Recorded information

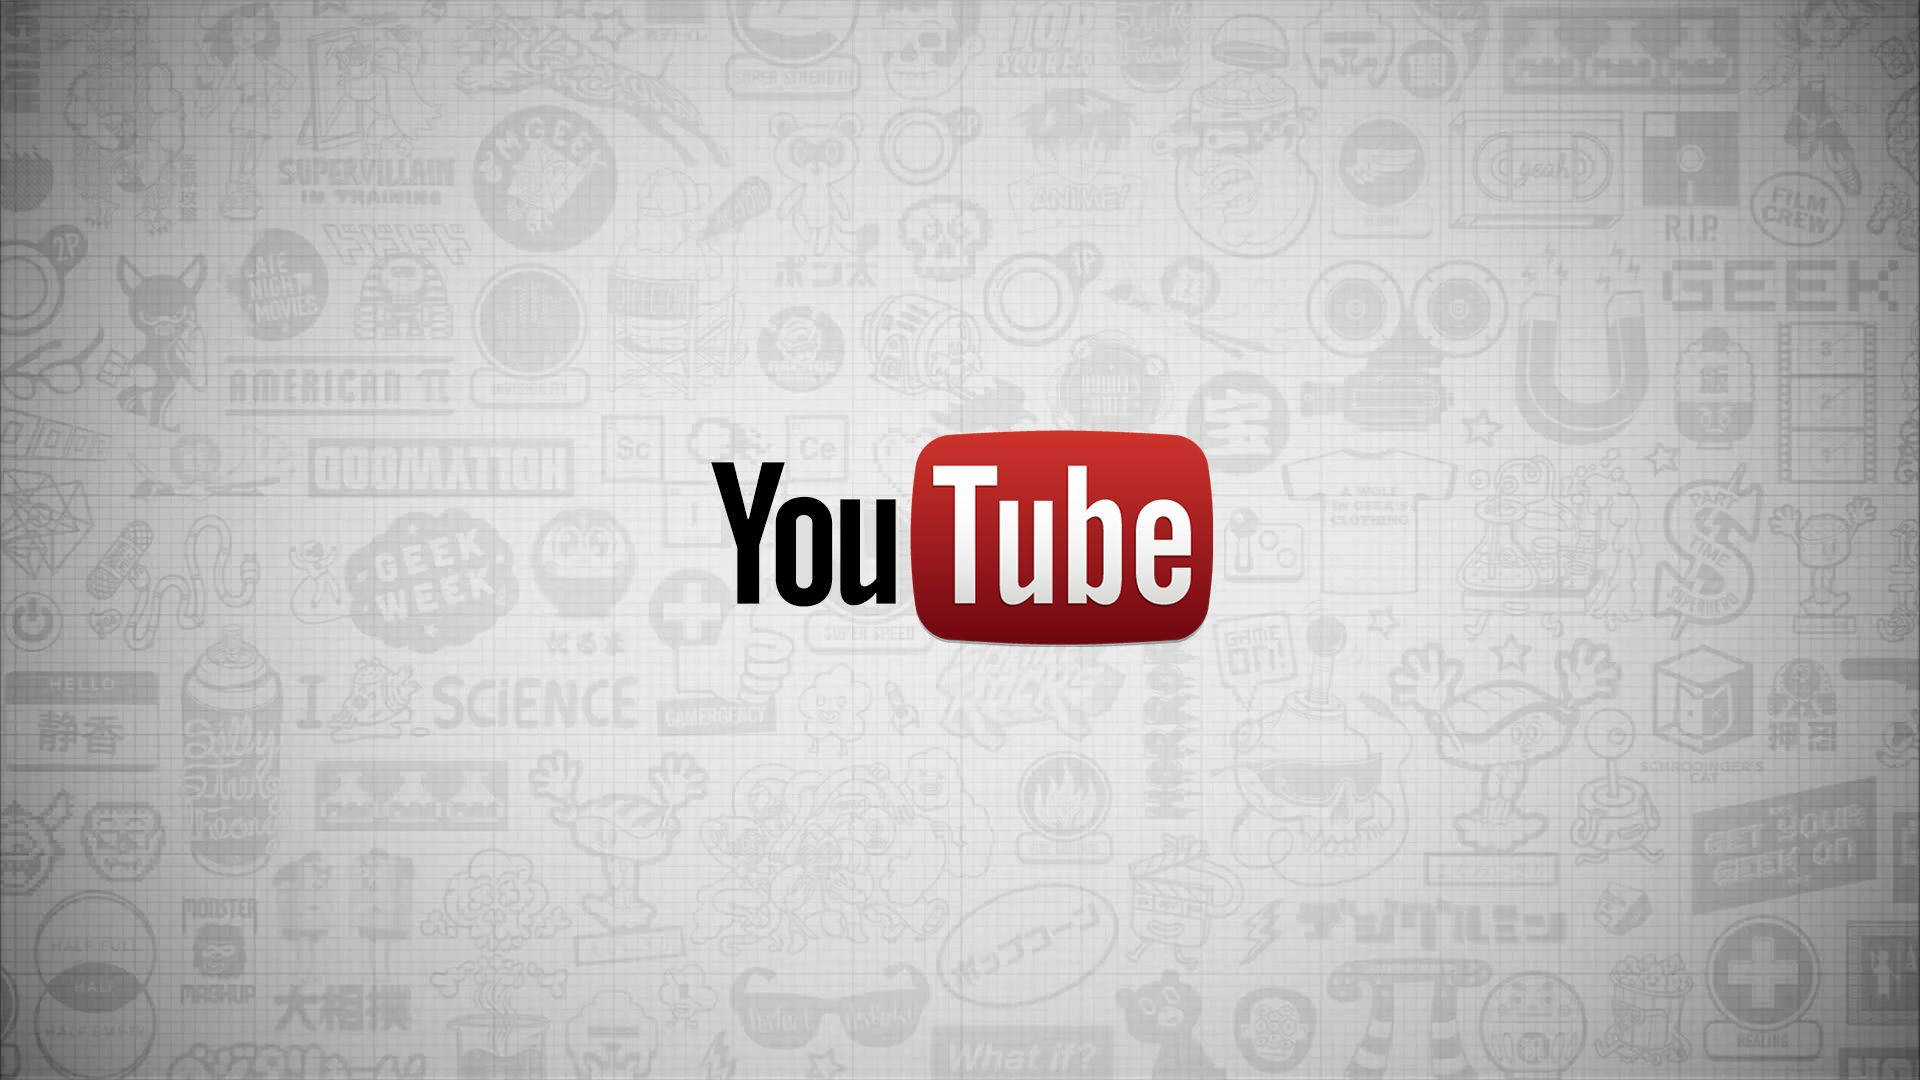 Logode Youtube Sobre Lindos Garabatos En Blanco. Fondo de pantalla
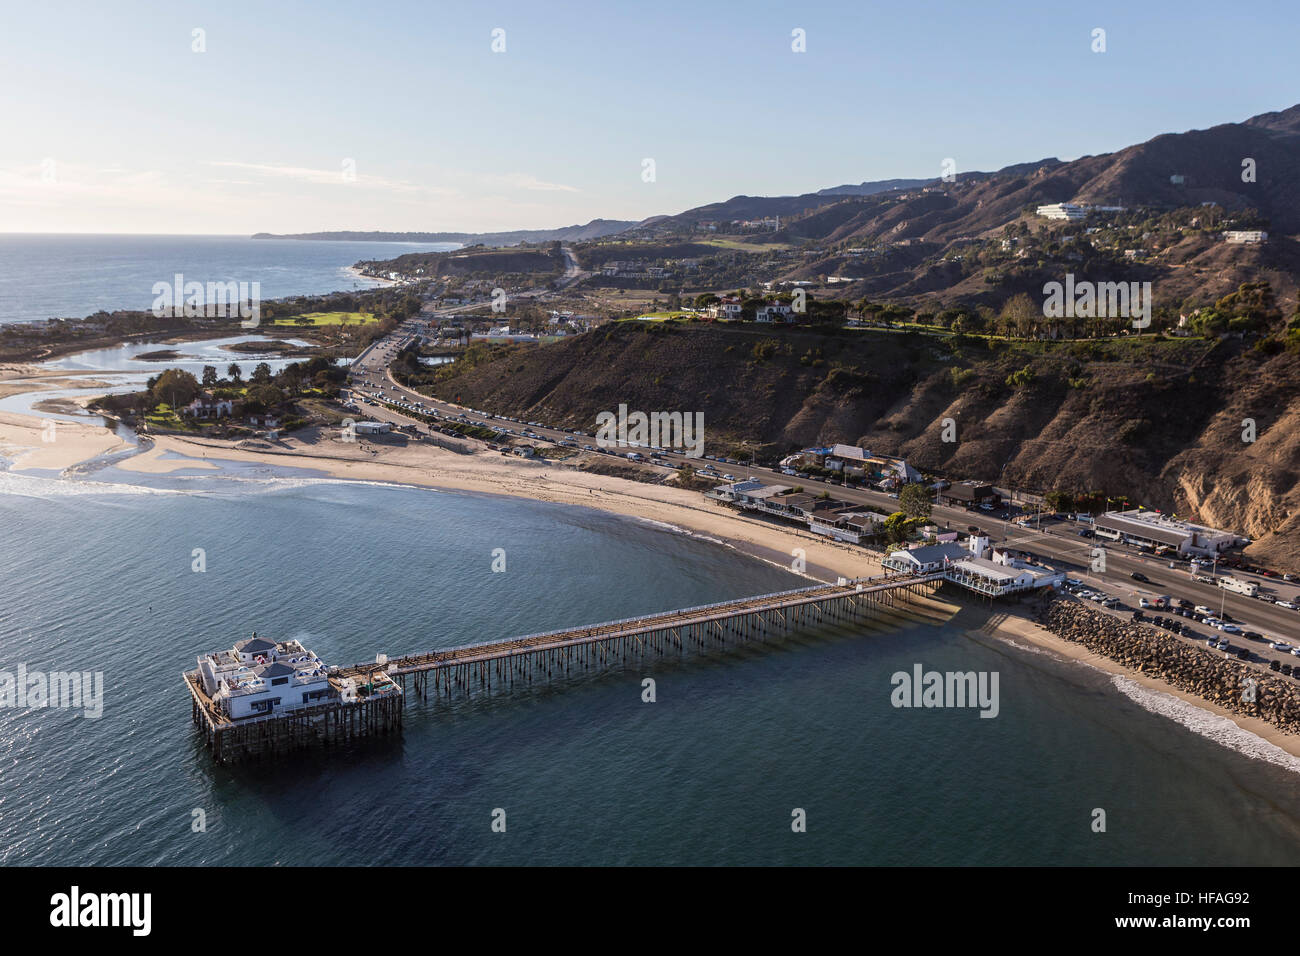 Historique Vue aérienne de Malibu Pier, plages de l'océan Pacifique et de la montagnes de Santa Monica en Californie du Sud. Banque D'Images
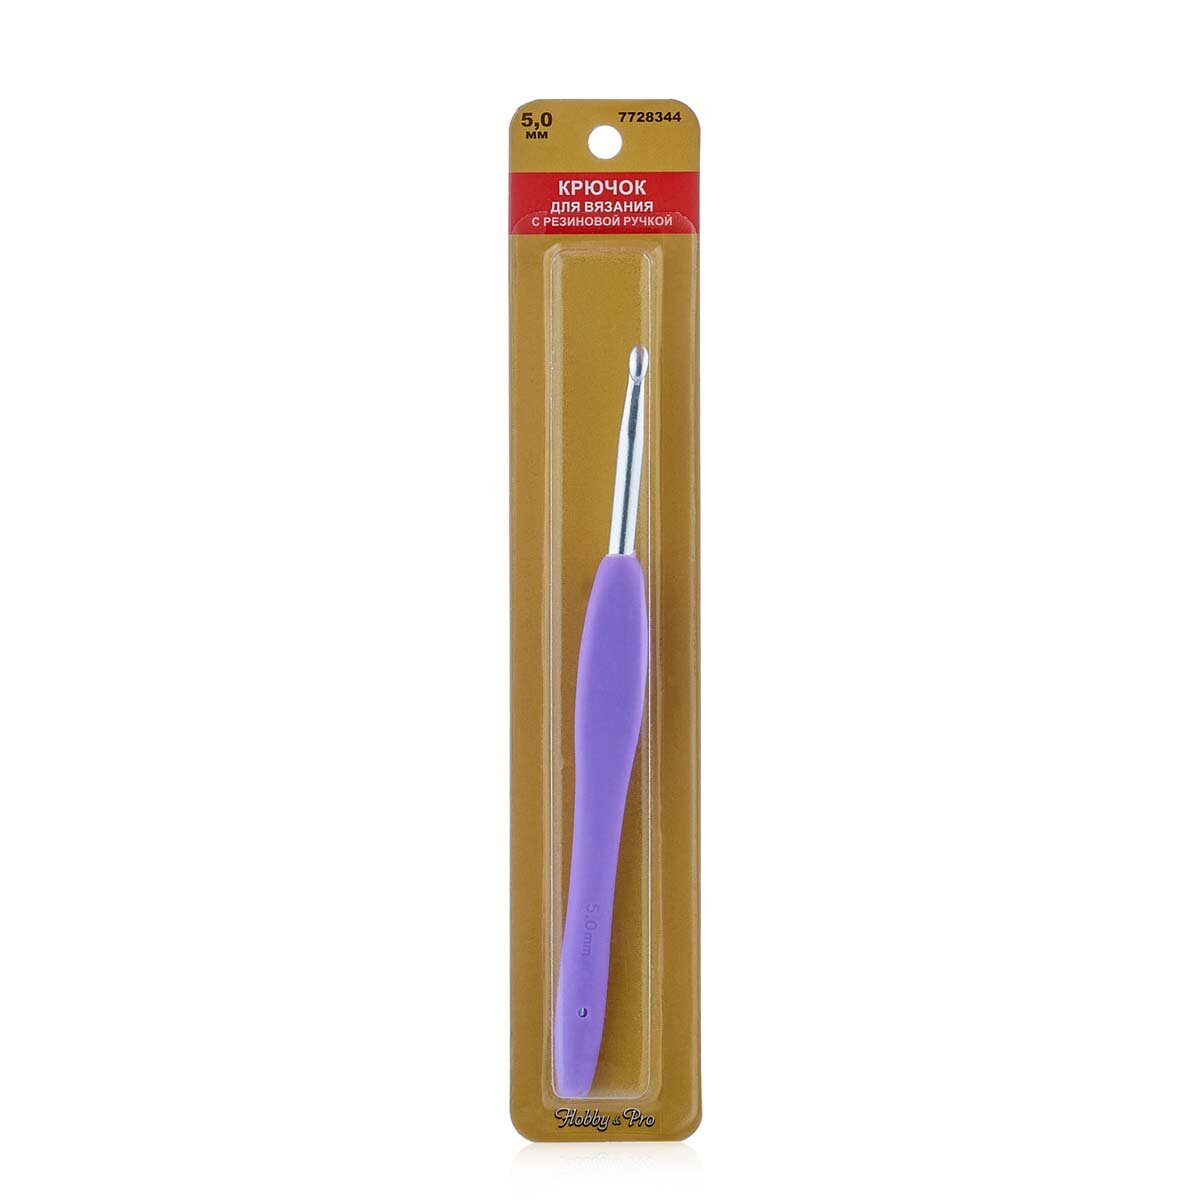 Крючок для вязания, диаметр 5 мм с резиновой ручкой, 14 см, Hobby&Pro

About this exercise
Repeat verbatim the lines from the one holding "Historique Vue aérienne" through the end of the listing above, both ends included, but not the pictures.

Reply
 Historique Vue aérienne de Malibu Pier, plages de l'océan Pacifique et de la montagnes de Santa Monica en Californie du Sud. Banque D'Images
 Крючок для вязания, диаметр 5 мм с резиновой ручкой, 14 см, Hobby&Pro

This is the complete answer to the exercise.